Automation by the Numbers
The Environmental Protection Agency (EPA) will set new nationwide emission standards for makers of polyvinyl chloride (plastic PVC) under a settlement with environmental groups announced last month. The Associated Press reported the EPA has agreed to set emission standards by 29 July 2011 for PVC manufacturers as part of a settlement with three environmental groups that sued EPA last year for failing to impose emission standards on PVC manufacturers in Louisiana. There are about 24 plants across the U.S. that make PVC, which is used in a variety of products, including wire insulation, building materials, and medicine containers.
China’s manufacturing sector expanded for the eighth straight month in October and at its fastest pace in 18 months, according to the results of an industry survey released in November, adding to signs that the economy continues to recover. The China Federation of Logistics and Purchasing said its purchasing managers’ index climbed to 55.2 in October from 54.3 in September. The PMI has been above the boom-bust line of 50, which indicates the companies in the survey are reporting growth from the previous month—since March.

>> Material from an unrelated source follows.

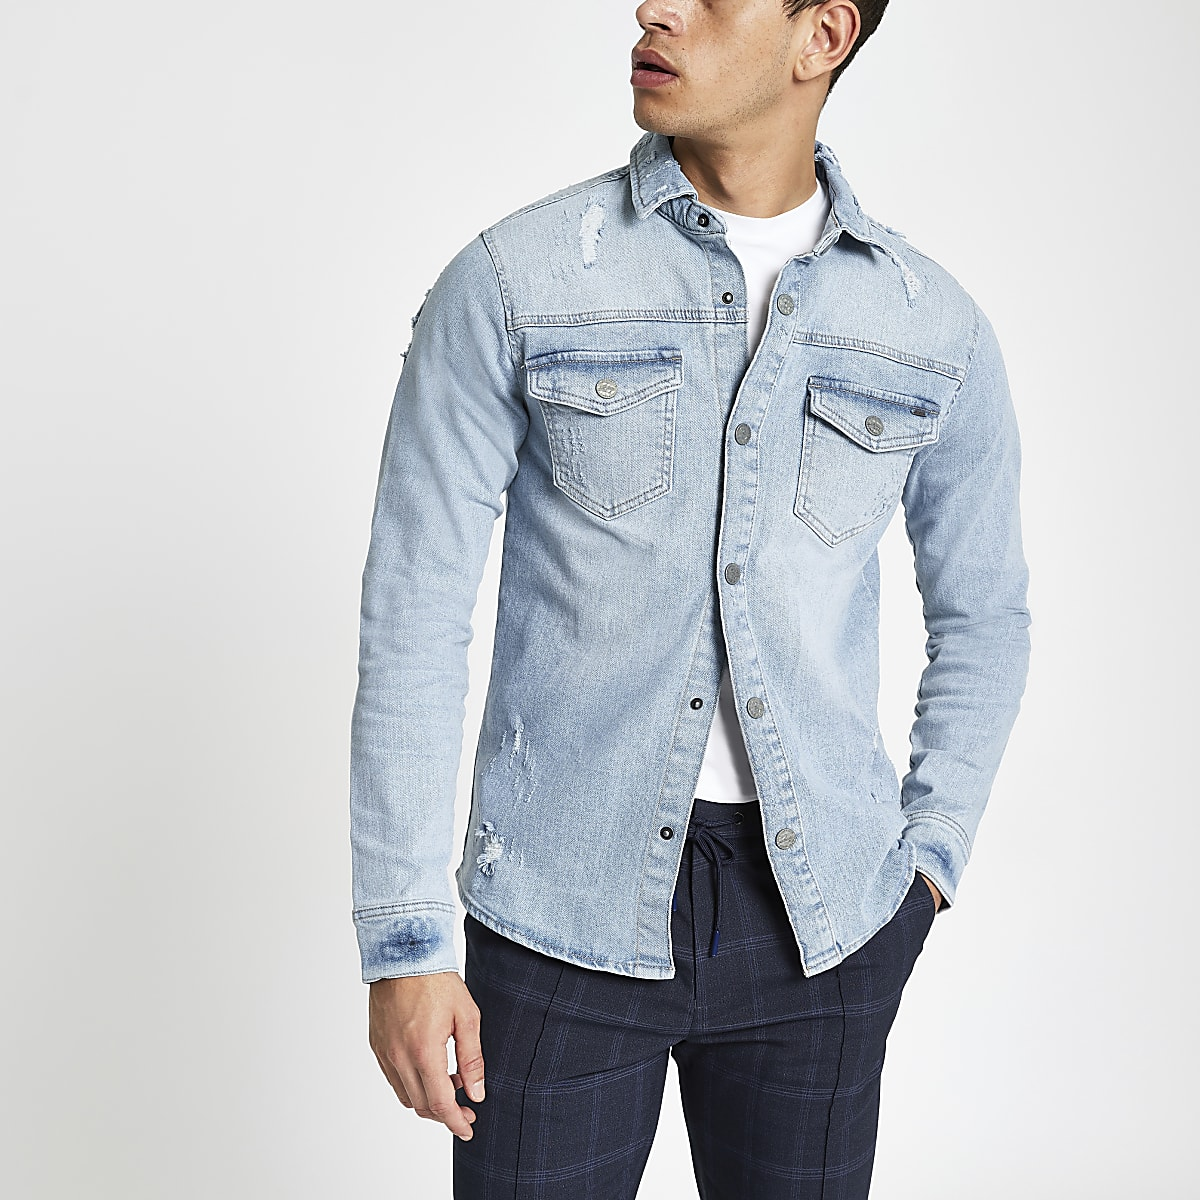 Only & Sons blue denim overshirt
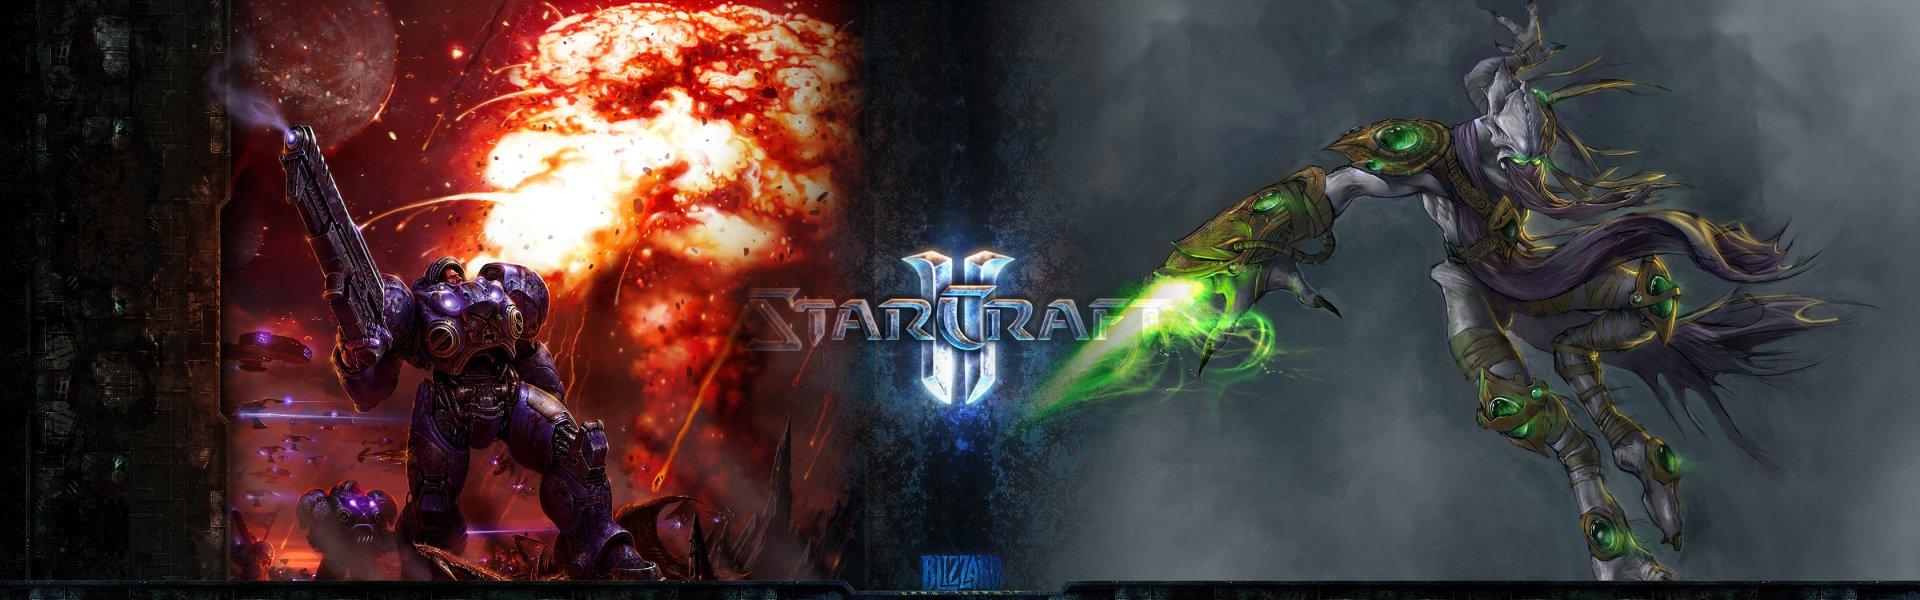 Multi Monitor - Videospiel  Starcraft II Wallpaper

Local Motors is gearing up to produce its first vehicle, the Rally Fighter—an industry-first vehicle that utilizes micro-factory retailing. Interested buyers pay $99 for a place in line to purchase it. The company is based on a “micro-factories” idea, where buyers can watch and even participate in making their car. Local Motors made its official debut in March 2008, with a web site that calls for designers to submit sketches of their dream cars. When production starts on the Rally Fighter in June 2010, buyers will be invited to the company’s headquarters in Wareham, Mass., to help build the car. The eventual price tag? $50,000.
Researchers at Stanford University and Hanyang University in Ansan, Korea, have shown silicon nanotube electrodes can store 10 times more charge than conventional graphite electrodes used in lithium-ion batteries, which could help electric vehicles run longer between charges. Researchers are developing the nanotube electrodes in collaboration with LG Chem, a Korean company that makes lithium-ion batteries, including those used in the Chevy Volt. The new battery electrodes are anodes and can store more energy because they absorb much more lithium when the battery is charged.